> Task item:
Give back exactly the lines of the data below, starting with the line that has "Facebook Update aduce" and going on through the line that has "Method for coproducing".

> Data records:
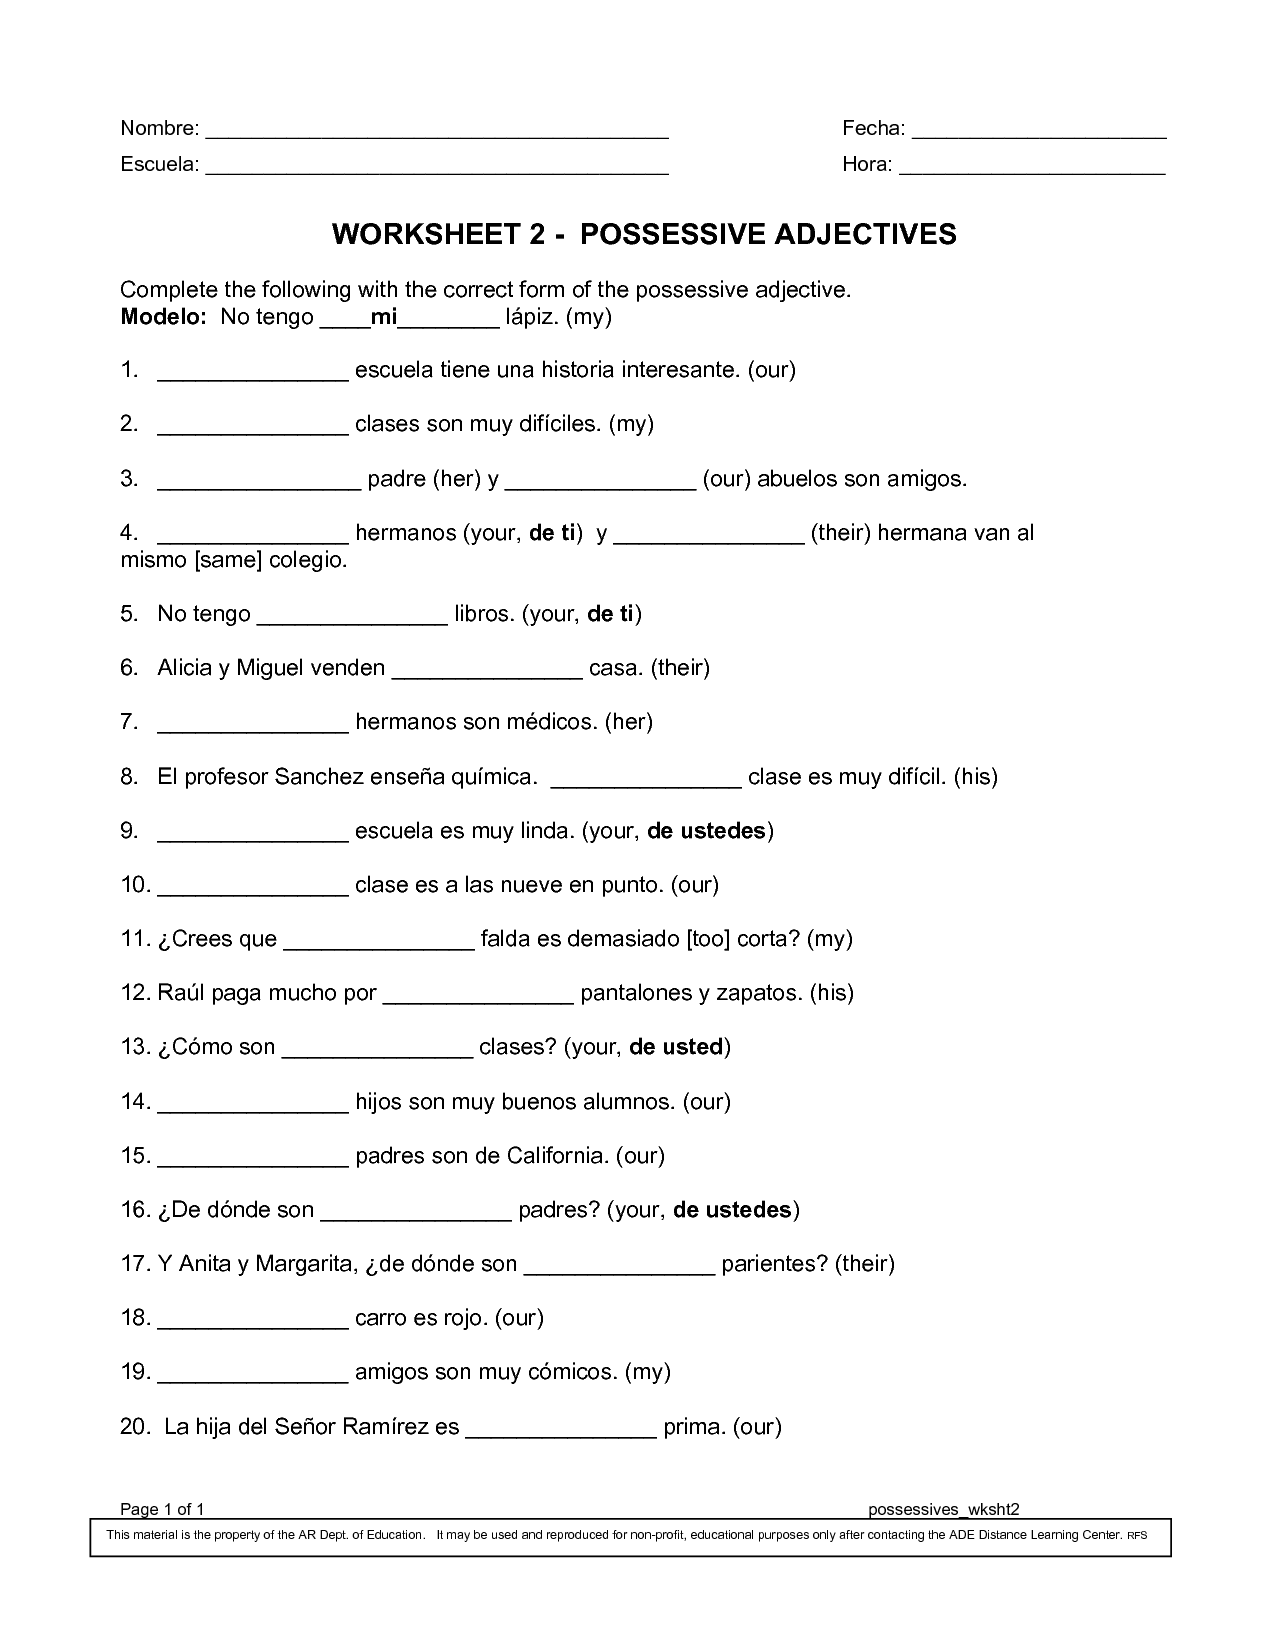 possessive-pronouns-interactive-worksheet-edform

...

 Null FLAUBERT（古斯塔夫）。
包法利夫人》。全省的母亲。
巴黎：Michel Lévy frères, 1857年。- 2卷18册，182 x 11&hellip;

* * *

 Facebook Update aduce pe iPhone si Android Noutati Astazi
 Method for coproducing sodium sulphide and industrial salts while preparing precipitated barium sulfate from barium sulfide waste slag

> Solved problem:
 Facebook Update aduce pe iPhone si Android Noutati Astazi
 Method for coproducing sodium sulphide and industrial salts while preparing precipitated barium sulfate from barium sulfide waste slag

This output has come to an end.